» **Task brief**
Without the pictures, set down everything in the listing exactly.

» **Supplied information**
★ ★ ★
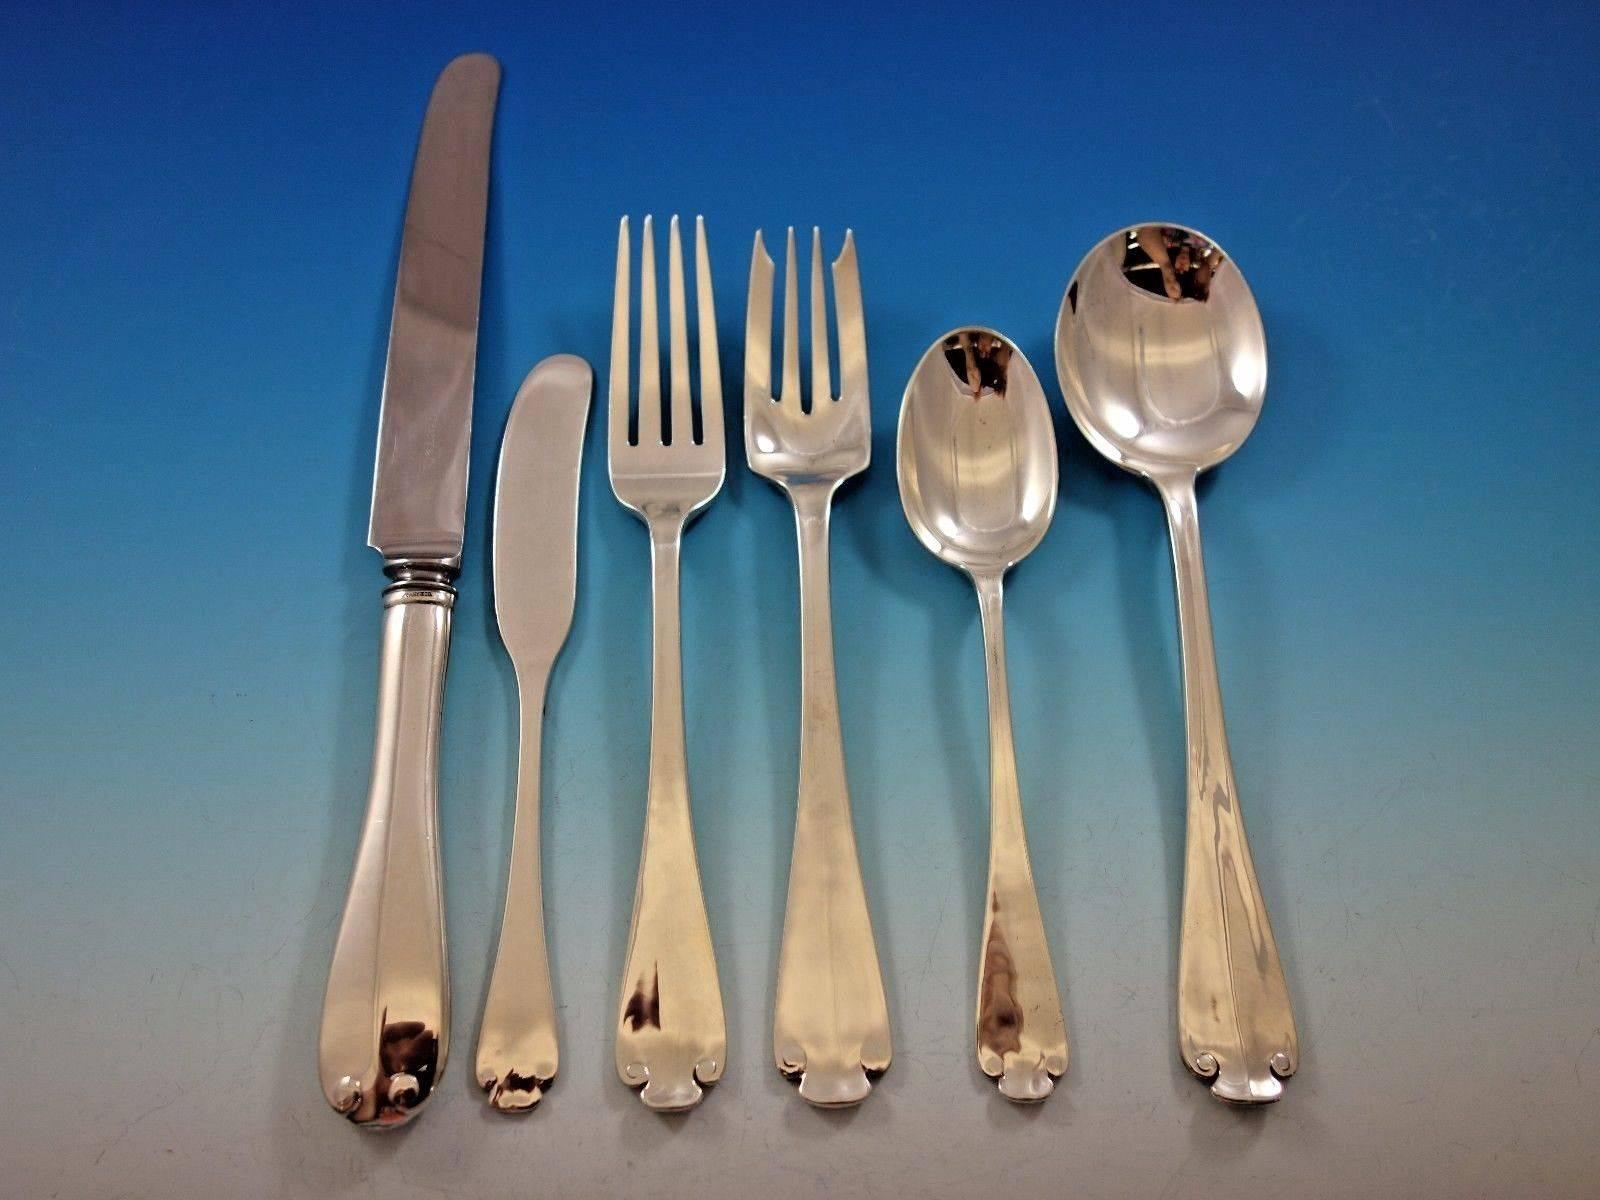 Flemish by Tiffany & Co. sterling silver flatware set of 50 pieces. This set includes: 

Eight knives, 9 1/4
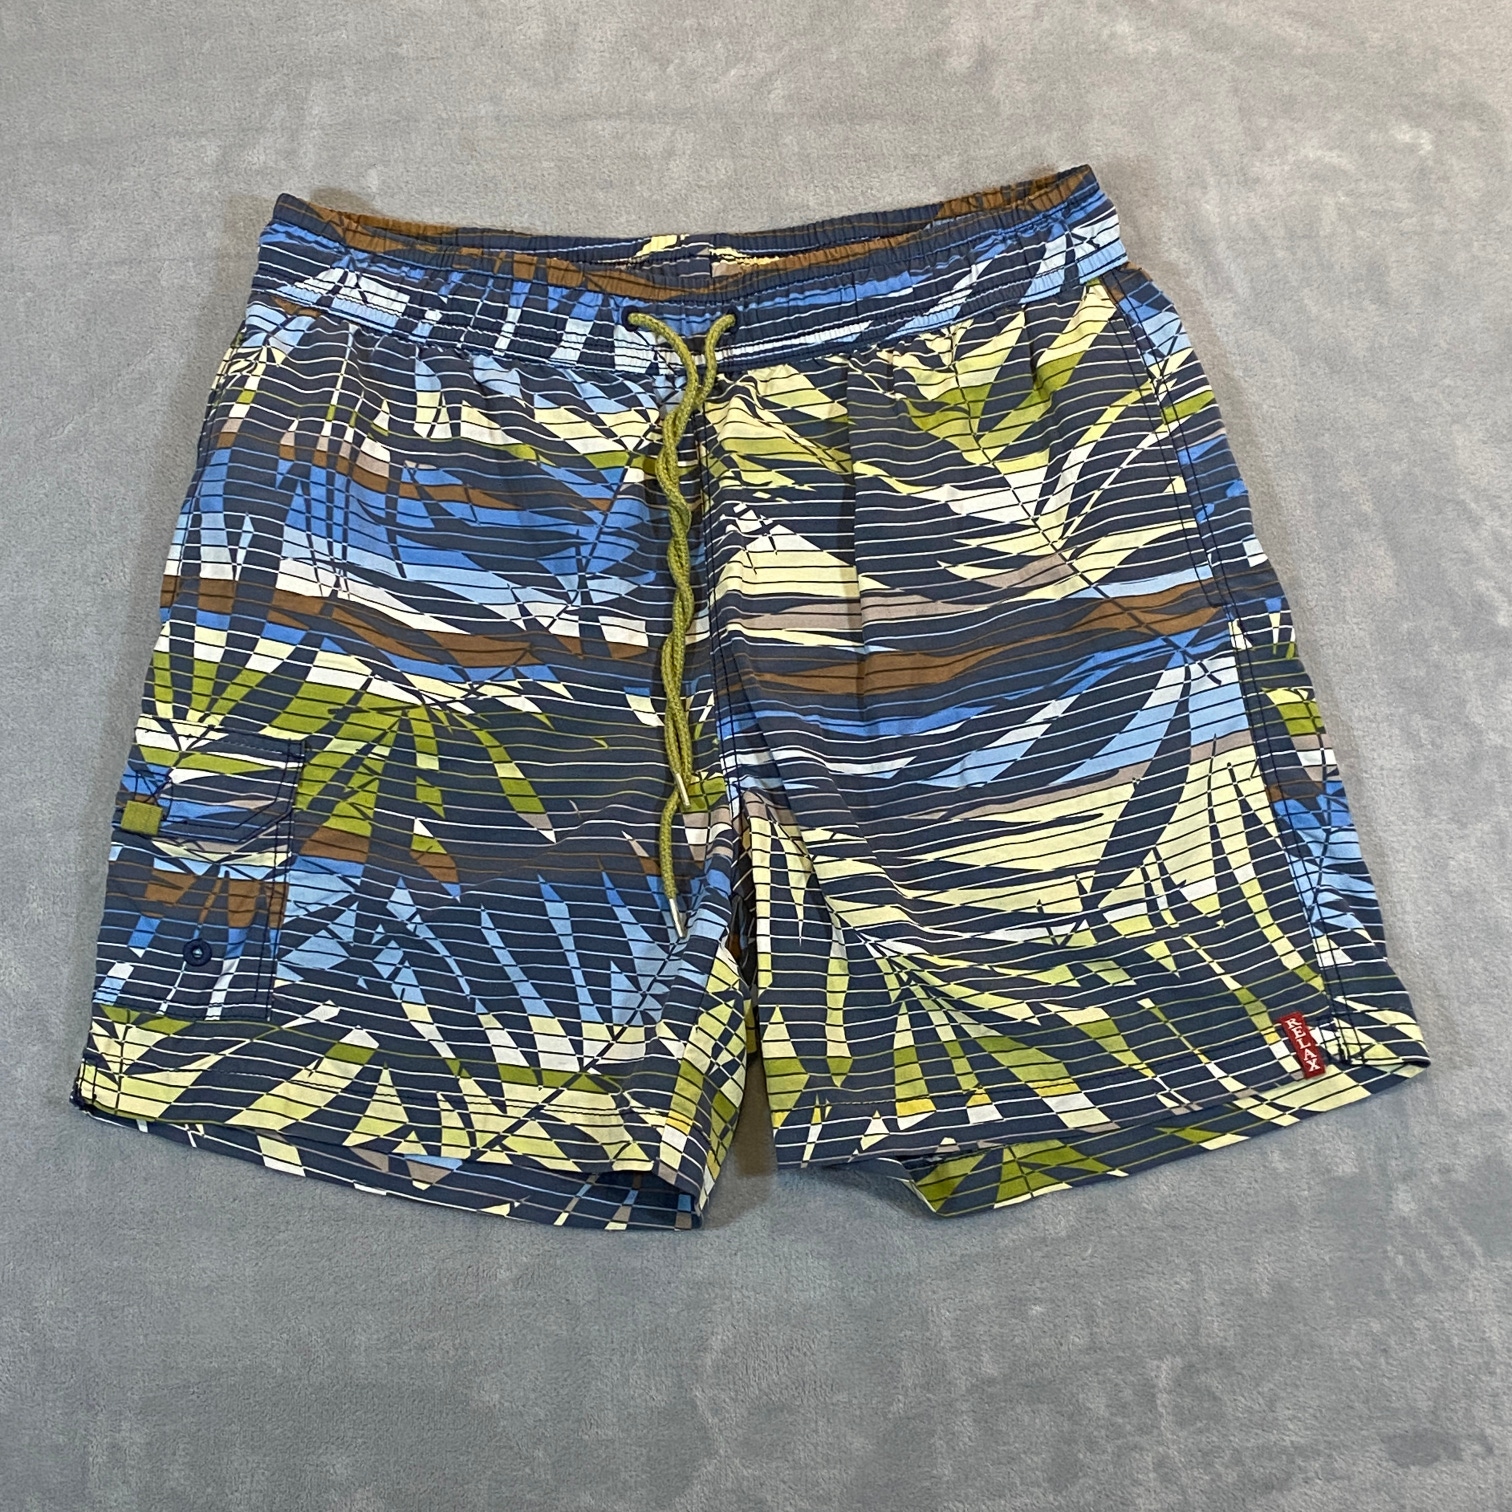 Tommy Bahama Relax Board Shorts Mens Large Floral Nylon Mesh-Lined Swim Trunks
★ ★ ★
» **Response area**
 Flemish by Tiffany & Co. sterling silver flatware set of 50 pieces. This set includes: 

Eight knives, 9 1/4
 Tommy Bahama Relax Board Shorts Mens Large Floral Nylon Mesh-Lined Swim Trunks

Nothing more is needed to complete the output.